### Information supplied
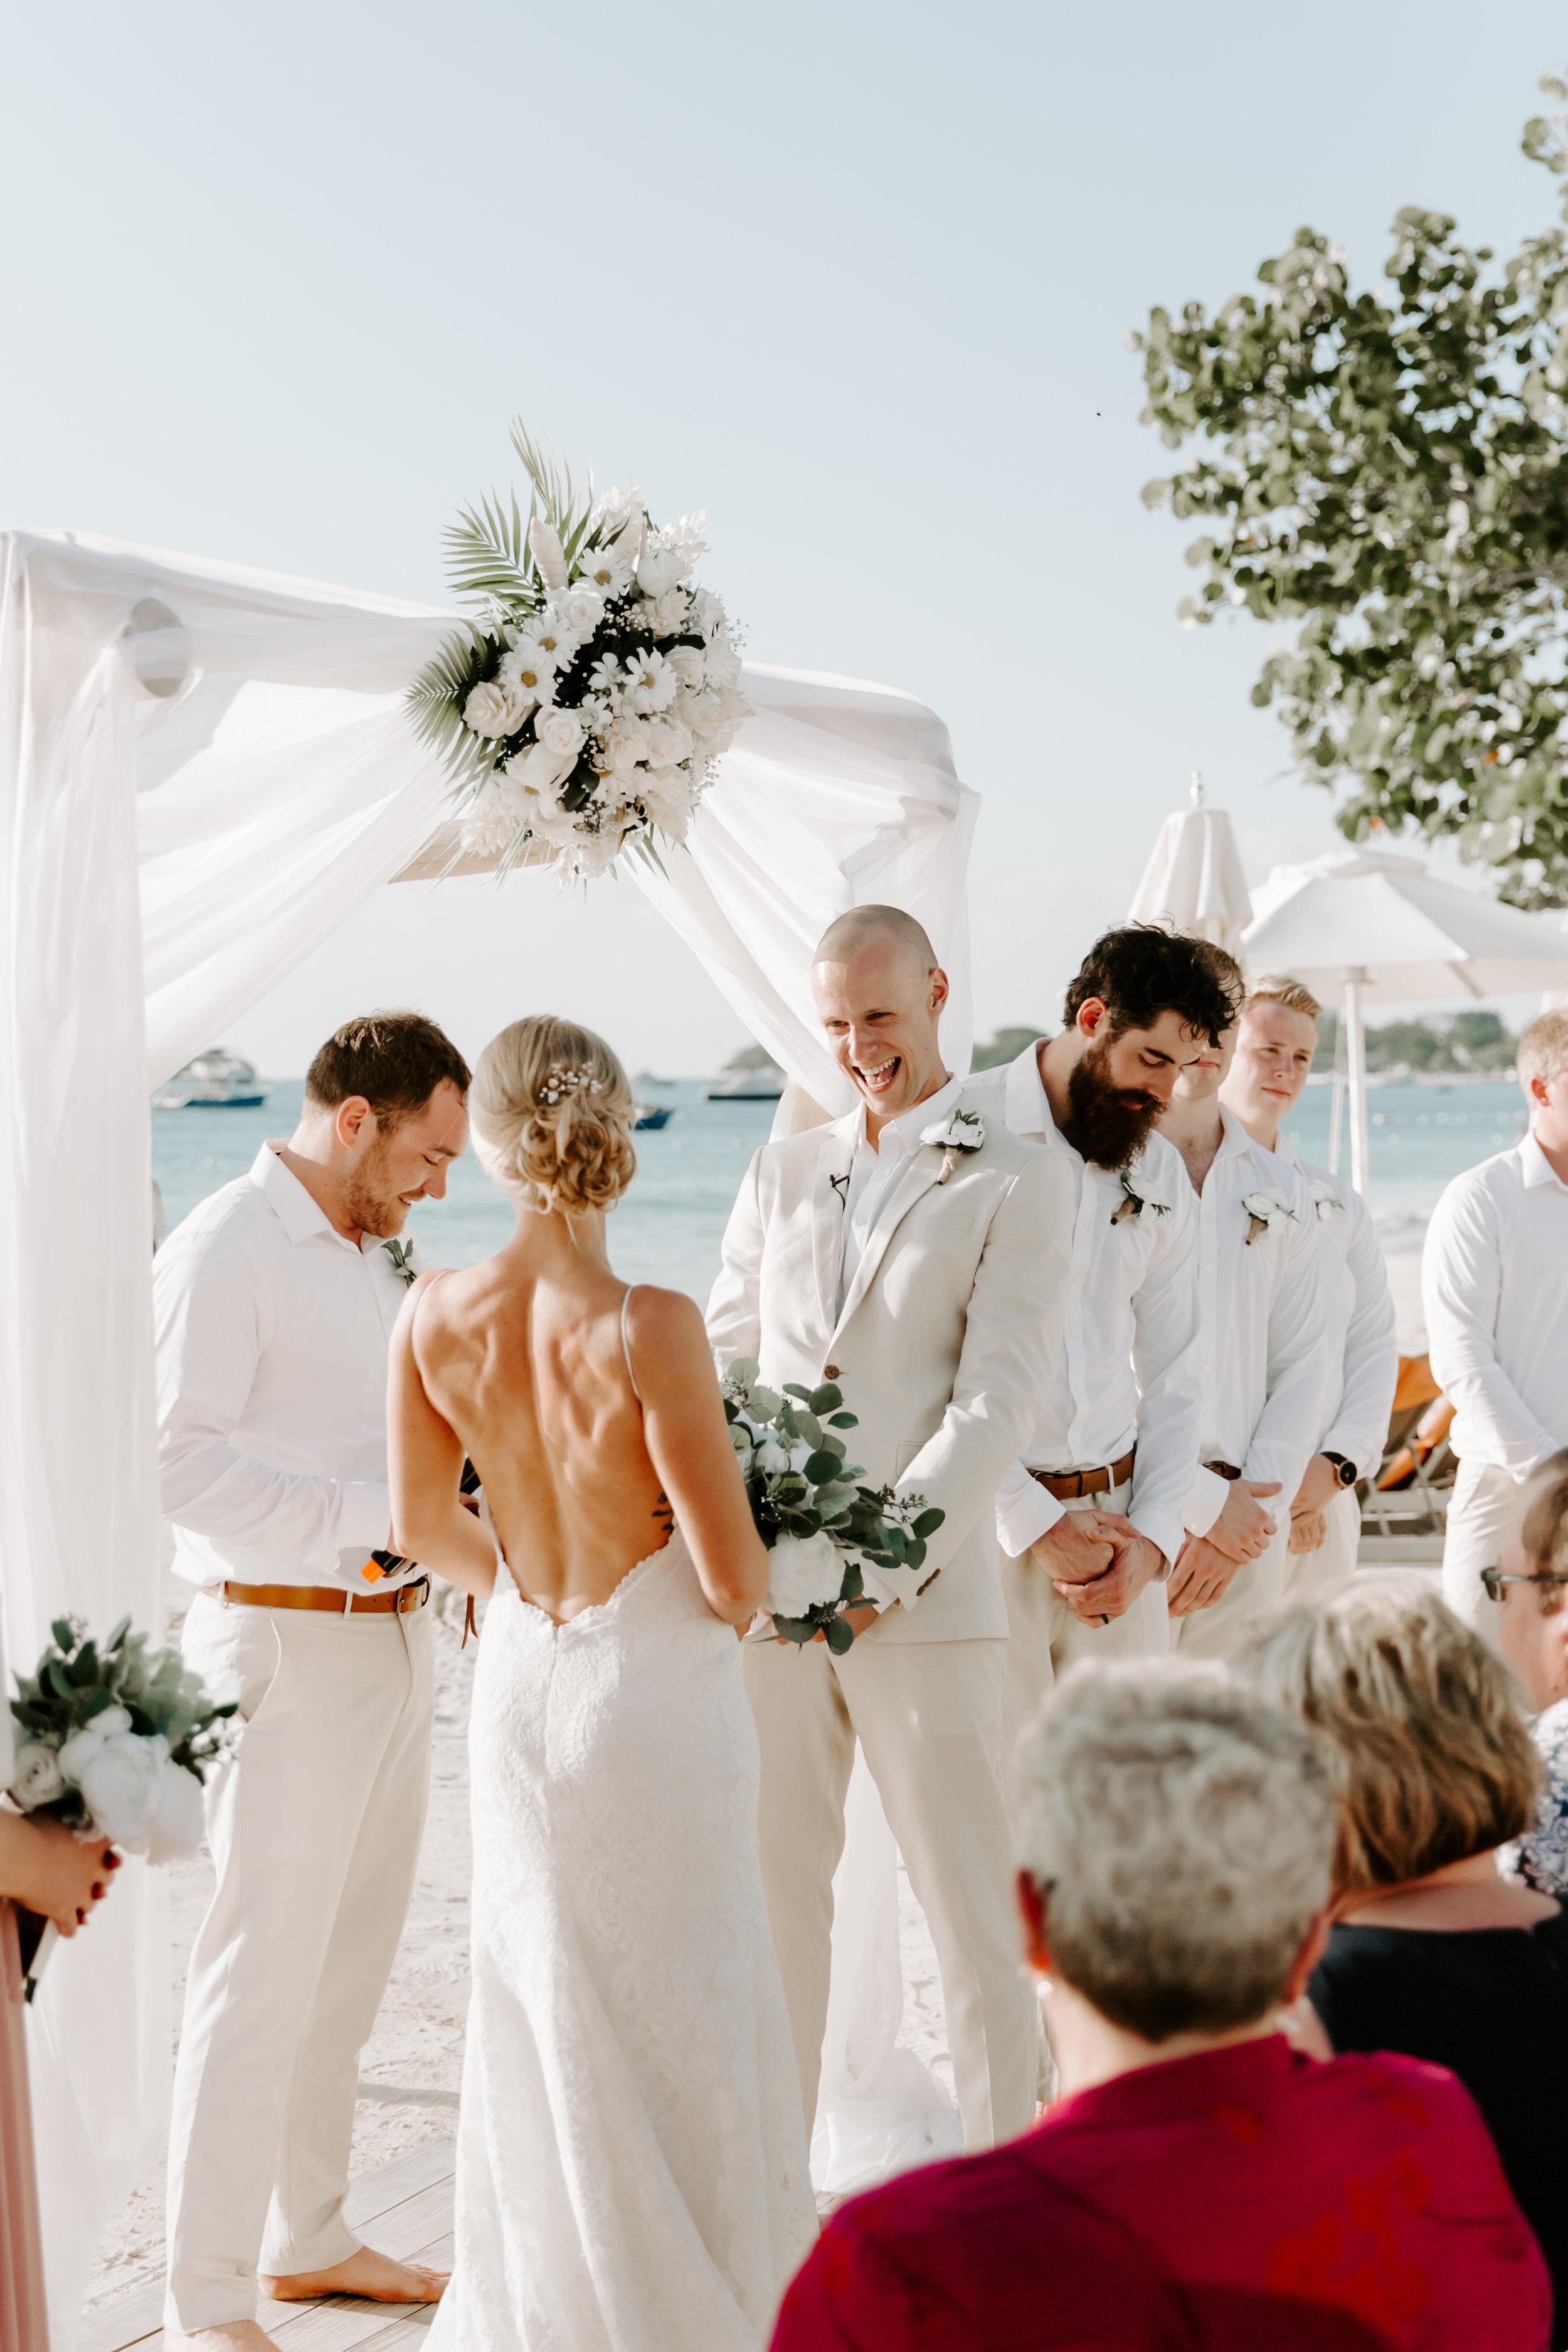 wedding day, beach wedding, wedding ceremony, beach wedding ceremony, destination wedding, backless wedding dress, katie may, katie may bridal, define fettle
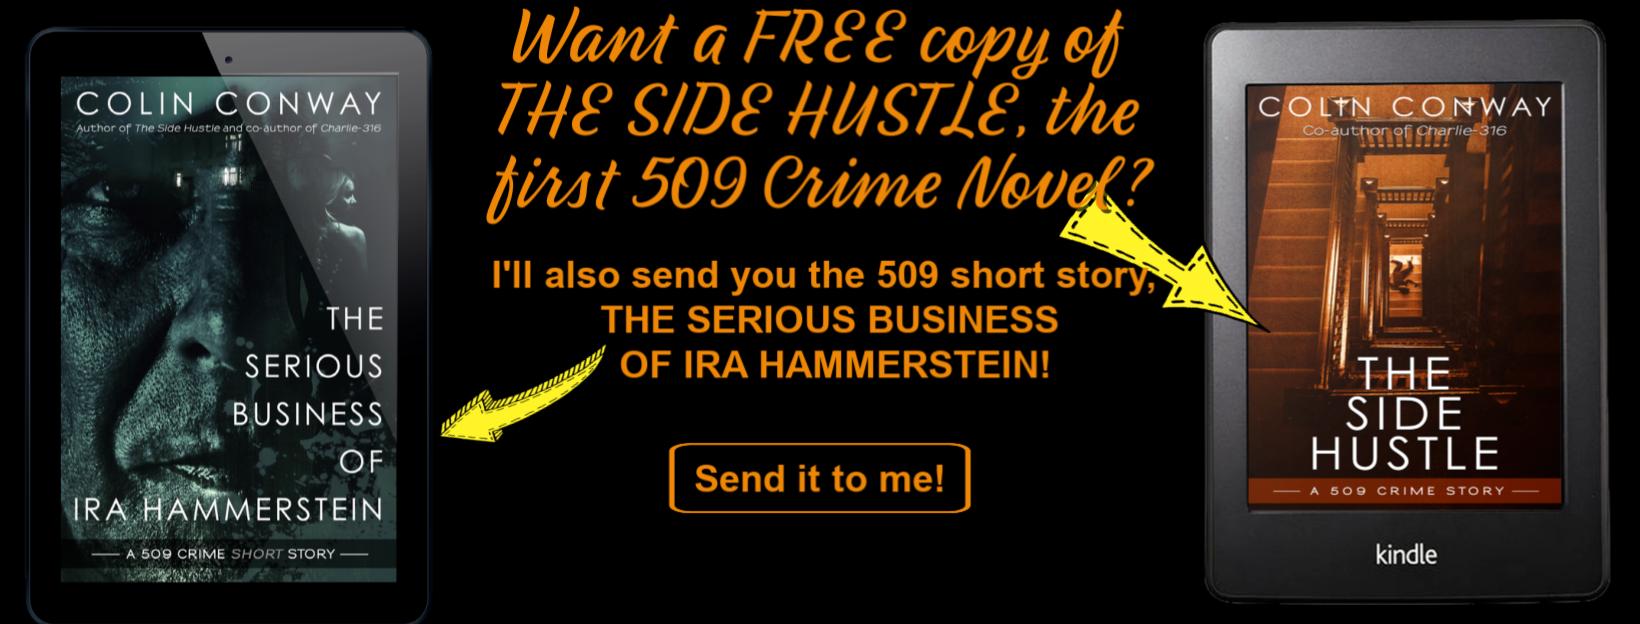 Newsletter Ad black background (1).png
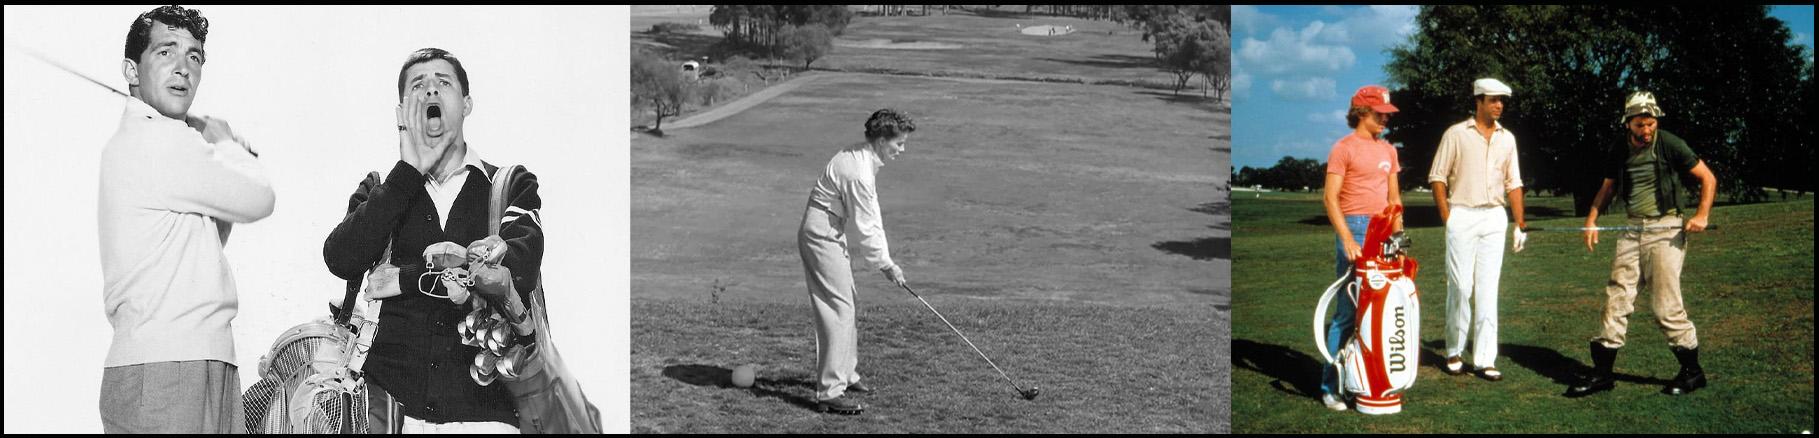 Golffilme

### The problem
Pictures aside, transcribe exactly the lines from the line containing "Newsletter Ad black background (1).png" through the final line of the material above.

### Output of the exercise
 Newsletter Ad black background (1).png
 Golffilme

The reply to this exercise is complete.